Clothe Yourself with Forbearance

Ephesians 3:14-18, 4:1-6 

14 For this reason I bow my knees before the Father,[k]15 from whom every family[l] in heaven and on earth takes its name. 16 I pray that, according to the riches of his glory, he may grant that you may be strengthened in your inner being with power through his Spirit 17 and that Christ may dwell in your hearts through faith, as you are being rooted and grounded in love. 18 I pray that you may have the power to comprehend, with all the saints, what is the breadth and length and height and depth19 and to know the love of Christ that surpasses knowledge, so that you may be filled with all the fullness of God.

(4:1) I, therefore, the prisoner in the Lord, beg you to walk in a manner worthy of the calling to which you have been called, 2 with all humility and gentleness, with patience, bearing with one another in love, 3 making every effort to maintain the unity of the Spirit in the bond of peace: 4 there is one body and one Spirit, just as you were called to the one hope of your calling, 5 one Lord, one faith, one baptism, 6 one God and Father of all, who is above all and through all and in all.[a]

This is the word of the Lord.

Thanks be to God.

 

This morning we are in a sermon series on our metaphorical spiritual clothing – the Christ-like virtues – that characterize a life of discipleship. These are the virtues that followers of Jesus put on to walk out into the world, like we put on socks and shoes, shirts, and coats. Today: clothe yourselves with forbearance.

That is an old-fashioned word that today is most often used referring to a bank loan. Yet, when it is applied to human life and relationships, it means to bear with a person or situation. In fact, it’s not exactly a virtue as much as it is a practice that involves several virtues. Forbearance – the act of bearing with – involves patience, humility, and gentleness.
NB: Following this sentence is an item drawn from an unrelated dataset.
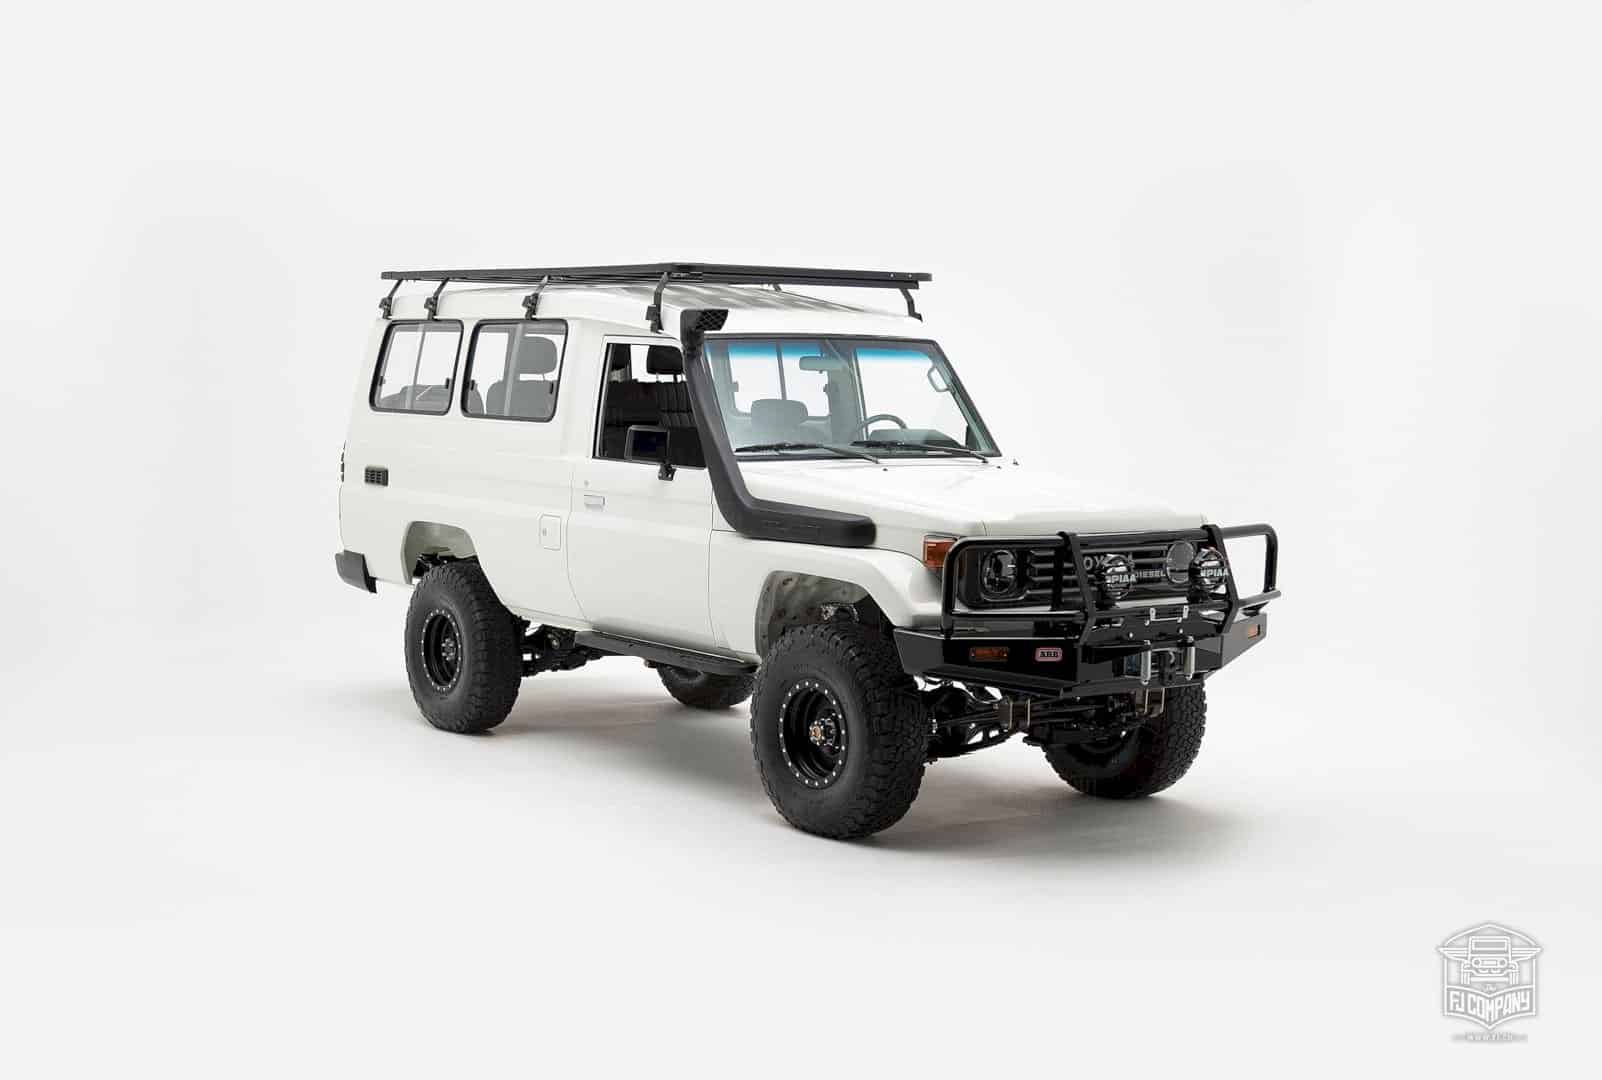 1992 Toyota Land Cruiser Hzj75 6

For example, “Please bear with me, as I walk around in a Hurricane Helene induced brain fog and emotional malaise.” Bear with me as I try to remember what day it is, what month it is and what normal activities I need to be doing! Sound familiar? Forbearance is the practice of extending patience, humility, and gentleness to one another and to ourselves.

The New York Yankees pitcher Garrett Cole demonstrated remarkable forbearance as he reflected on Game 5 this past week, the game in which the Yankees collapsed in epic fashion to the Los Angeles Dodgers in the fifth inning and lost any hope of winning the World Series. If you missed this year’s World Series, it was tremendous, and the fifth inning of Game 5 was epic.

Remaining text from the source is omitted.